Thursday, February 20, 2003

The modern media portrayal of heroes is going awry. Winning has become the number one trait that heroes require. Whether it be serious athletes, performer athletes or action heroes, winning is what defines them.

The cause has become secondary. A hero doesn't win for the greater good; a hero wins for themselves. What the hell happened to honour?

Our athletes have become arrogant, selfish and rich. Once considered "unsportsmanlike conduct", and penalized as such, "in your face" celebrations have become the rule in many sports.

Nike started pushing this type of athlete a few years ago. I don't blame Nike; they were only reflecting the times. Professional athleticism is probably a key culprit – there is simply too much money to be made.

Movie and comic book heroes kill almost indiscriminately. Wrestlers no longer differentiate themselves by good and bad labels. The good guys act as bad as the bad guys. Although usually fighting for some other good, their methods are often more brutal than the enemies they face.

This is being represented in all media.

I took my boys and two of their friends to Medieval Times. The concept is simple; professional stunt men portray medieval knights and battle each other throughout the evening. The audience sits in a setting resembling a jousting arena, and cheer on the knight assigned to their section.

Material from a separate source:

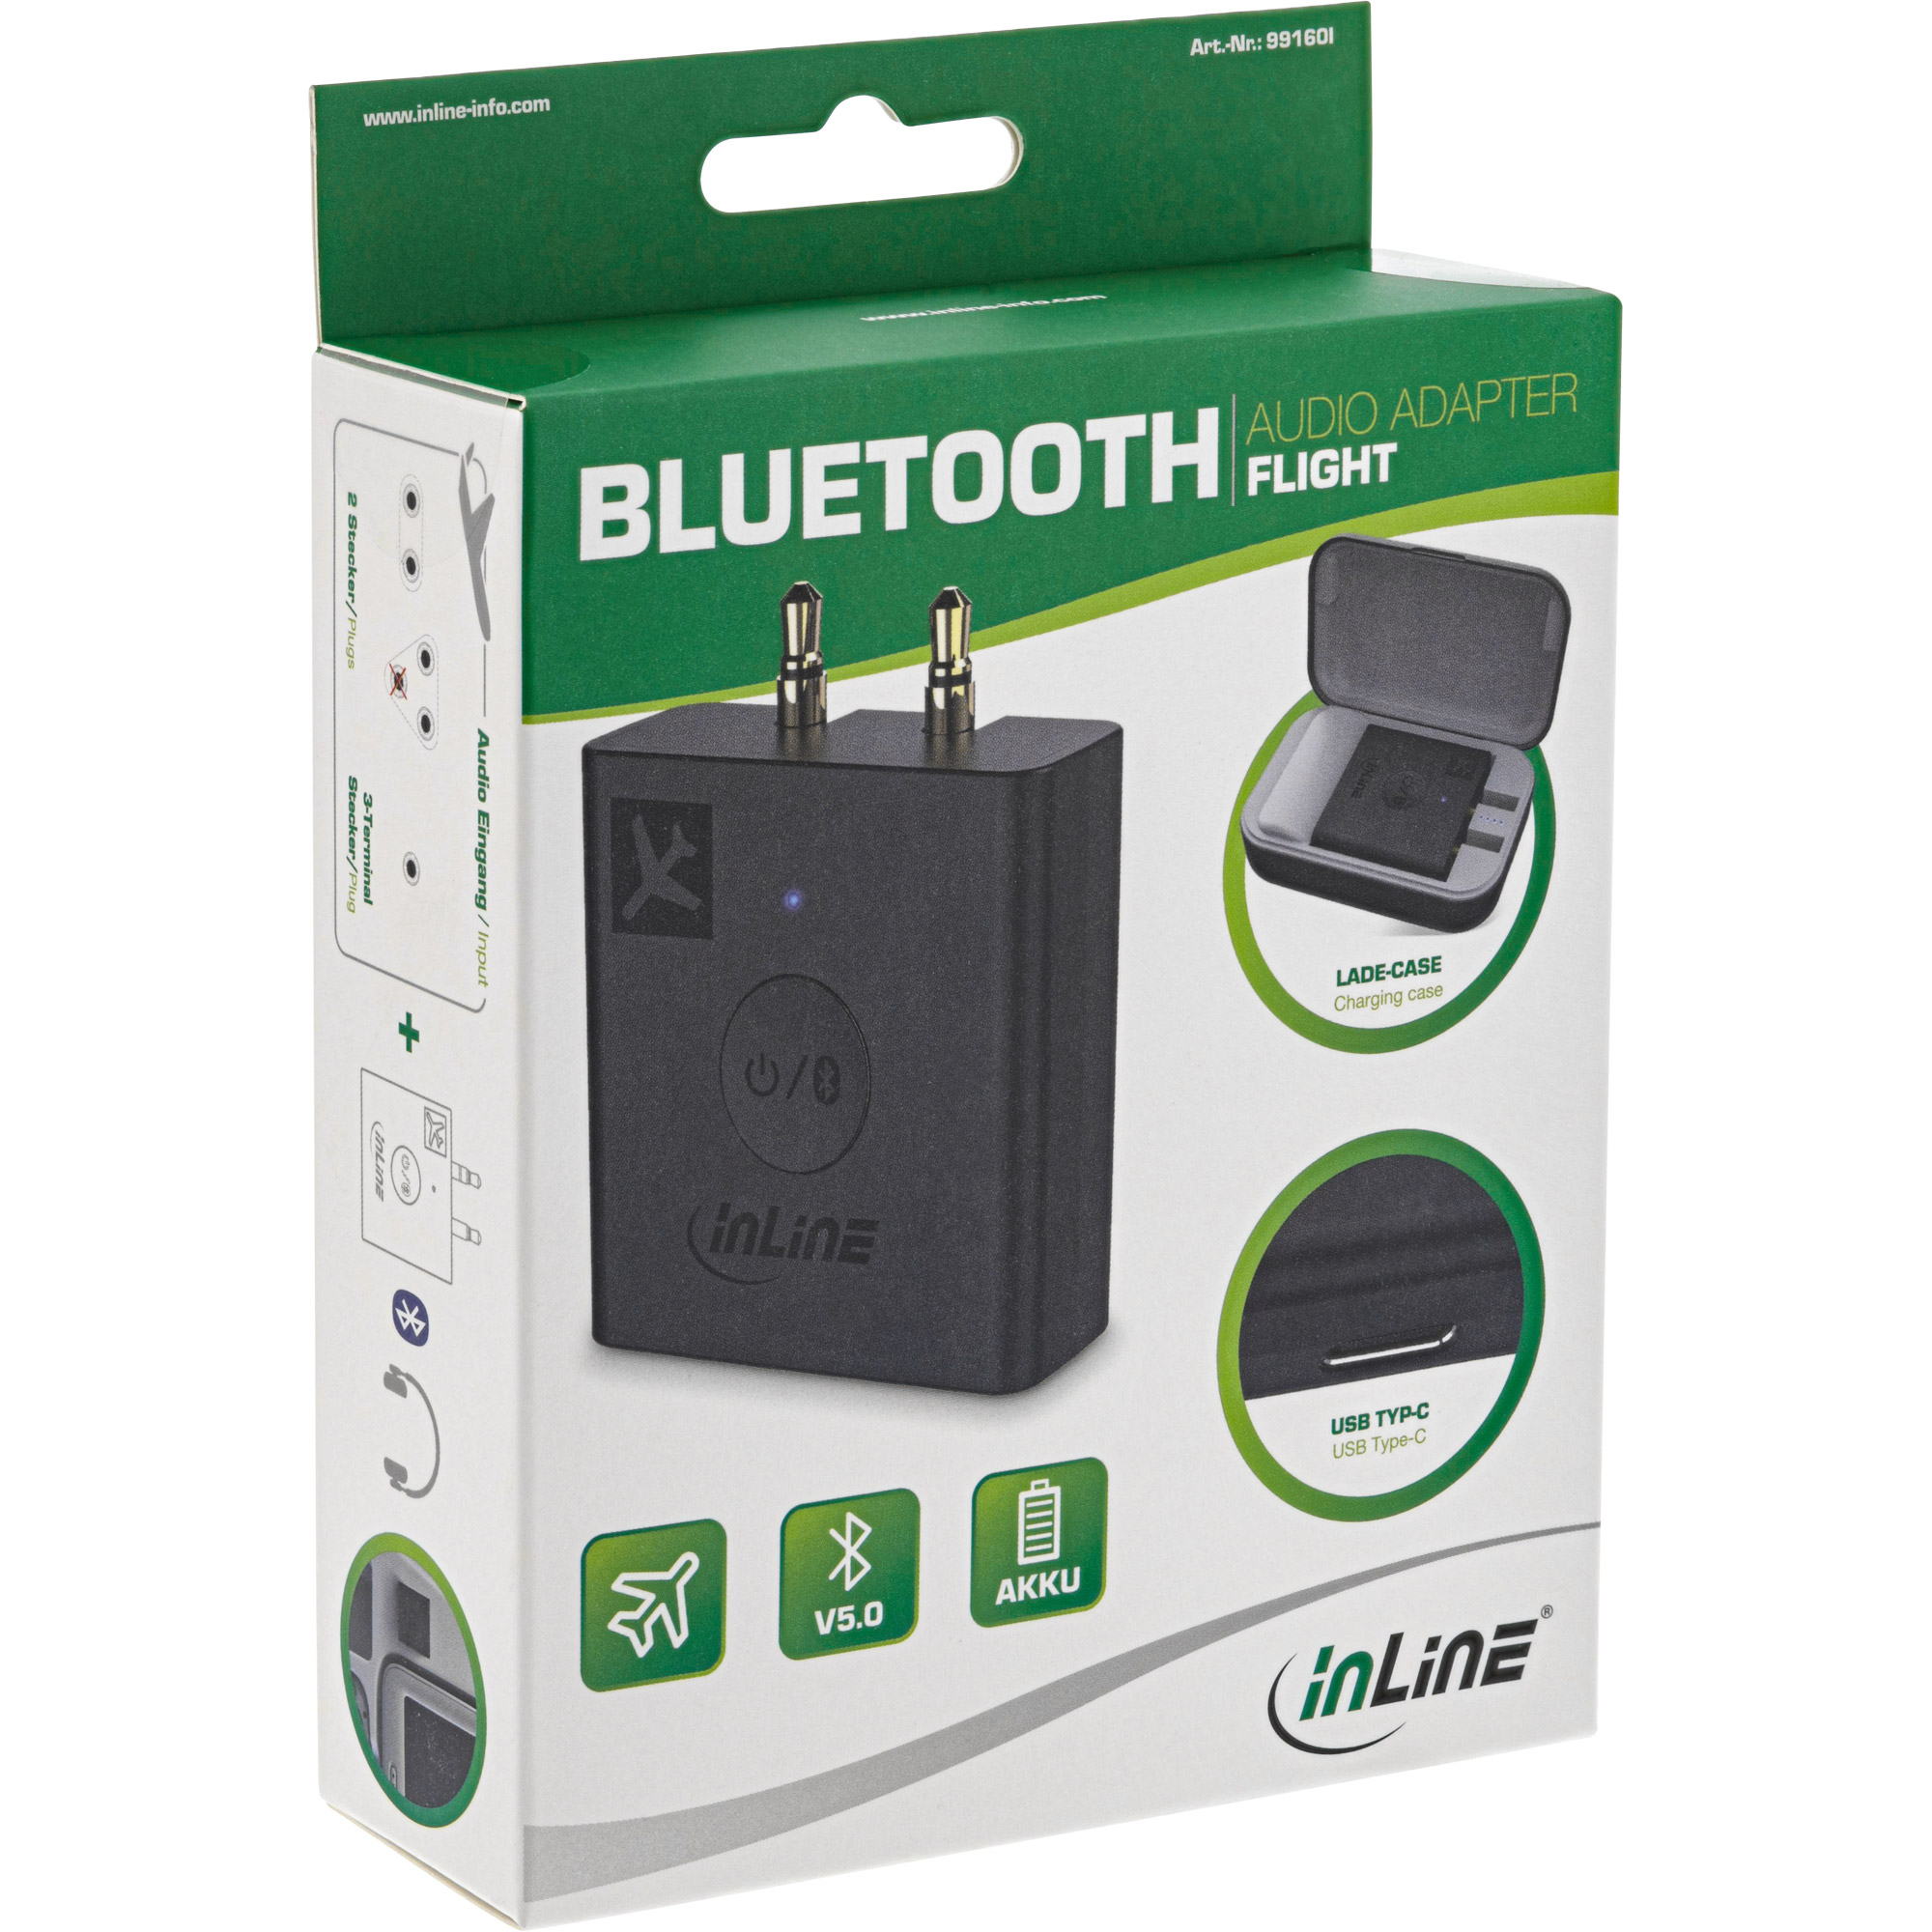 InLine® Flugzeug Bluetooth Audio Transmitter Sender, BT 5.0, aptX

As the night progresses, some of the battles get serious. A black knight is introduced and the king commands his knights to vanquish him. As luck would have it, the knight representing our section won the tournament and the right to battle the evil black knight. After a furious battle, our knight was on the verge of finally dispatching the black knight when the king commanded him to stop. Instead of killing him, the black knight was to be imprisoned. As a man of honour and duty, our knight complied. From beside me, the boys started chanting, "Do it! Kill him!" I pointed out that his king had commanded him not to. "Do it anyway", they replied. I told them that would be dishonourable and would get him in trouble with the king. "Then he should kill the king too", they snarled.

As frightening as this sounds, when I began to analyze this comment, I realized it came from the environment. We have been teaching that winning at all costs is important.

There are exceptions in popular media, although sometimes its a stretch to find them. I'm not one to want to educate my kids through the media, but they will be exposed to it. I have sought out examples that have the necessary excitement value while providing what I think are good examples of honour and self-sacrifice. Movies such as "Independence Day" and "Armageddon" contain heroes who step up to provide the ultimate sacrifice for the greater good. New movies such as "Lord of the Rings" are full of heroes who reluctantly become so.

This is the honour that I want my kids to understand. Winning isn't always about being the toughest, strongest and fastest; mostly its about being responsible, brave and noble.